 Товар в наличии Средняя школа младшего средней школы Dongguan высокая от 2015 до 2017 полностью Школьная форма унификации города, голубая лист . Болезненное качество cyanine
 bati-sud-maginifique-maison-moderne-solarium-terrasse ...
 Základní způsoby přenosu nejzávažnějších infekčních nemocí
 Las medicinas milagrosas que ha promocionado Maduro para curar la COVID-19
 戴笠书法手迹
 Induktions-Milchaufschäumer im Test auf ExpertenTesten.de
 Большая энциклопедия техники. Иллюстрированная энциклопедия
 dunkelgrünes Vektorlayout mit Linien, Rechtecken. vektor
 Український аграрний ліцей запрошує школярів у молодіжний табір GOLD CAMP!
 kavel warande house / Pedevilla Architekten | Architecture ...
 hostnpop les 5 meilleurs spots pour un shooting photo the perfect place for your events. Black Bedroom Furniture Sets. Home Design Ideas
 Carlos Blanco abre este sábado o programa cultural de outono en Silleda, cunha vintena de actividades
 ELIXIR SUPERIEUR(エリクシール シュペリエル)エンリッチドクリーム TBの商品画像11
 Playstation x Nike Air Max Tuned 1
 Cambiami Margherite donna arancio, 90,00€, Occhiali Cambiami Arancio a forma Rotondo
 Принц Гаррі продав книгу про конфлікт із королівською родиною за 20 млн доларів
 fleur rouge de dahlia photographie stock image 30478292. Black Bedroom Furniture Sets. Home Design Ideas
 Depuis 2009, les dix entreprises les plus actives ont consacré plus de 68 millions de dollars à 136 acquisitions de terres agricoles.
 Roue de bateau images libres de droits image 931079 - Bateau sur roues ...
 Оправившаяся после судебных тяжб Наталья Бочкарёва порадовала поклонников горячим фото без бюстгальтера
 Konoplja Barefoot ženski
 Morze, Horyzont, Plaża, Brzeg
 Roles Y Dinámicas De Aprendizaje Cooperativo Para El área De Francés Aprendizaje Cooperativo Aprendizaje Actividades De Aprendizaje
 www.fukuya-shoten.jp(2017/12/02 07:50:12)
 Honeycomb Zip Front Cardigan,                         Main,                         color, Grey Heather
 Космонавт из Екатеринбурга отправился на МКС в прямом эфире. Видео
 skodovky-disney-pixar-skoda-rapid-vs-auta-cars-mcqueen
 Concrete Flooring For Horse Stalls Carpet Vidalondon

# # # #

What is being asked: Write out exactly the lines between the start of the entries and the line containing "Большая энциклопедия техники.", including that line and the first one.

Solved problem:
 Товар в наличии Средняя школа младшего средней школы Dongguan высокая от 2015 до 2017 полностью Школьная форма унификации города, голубая лист . Болезненное качество cyanine
 bati-sud-maginifique-maison-moderne-solarium-terrasse ...
 Základní způsoby přenosu nejzávažnějších infekčních nemocí
 Las medicinas milagrosas que ha promocionado Maduro para curar la COVID-19
 戴笠书法手迹
 Induktions-Milchaufschäumer im Test auf ExpertenTesten.de
 Большая энциклопедия техники. Иллюстрированная энциклопедия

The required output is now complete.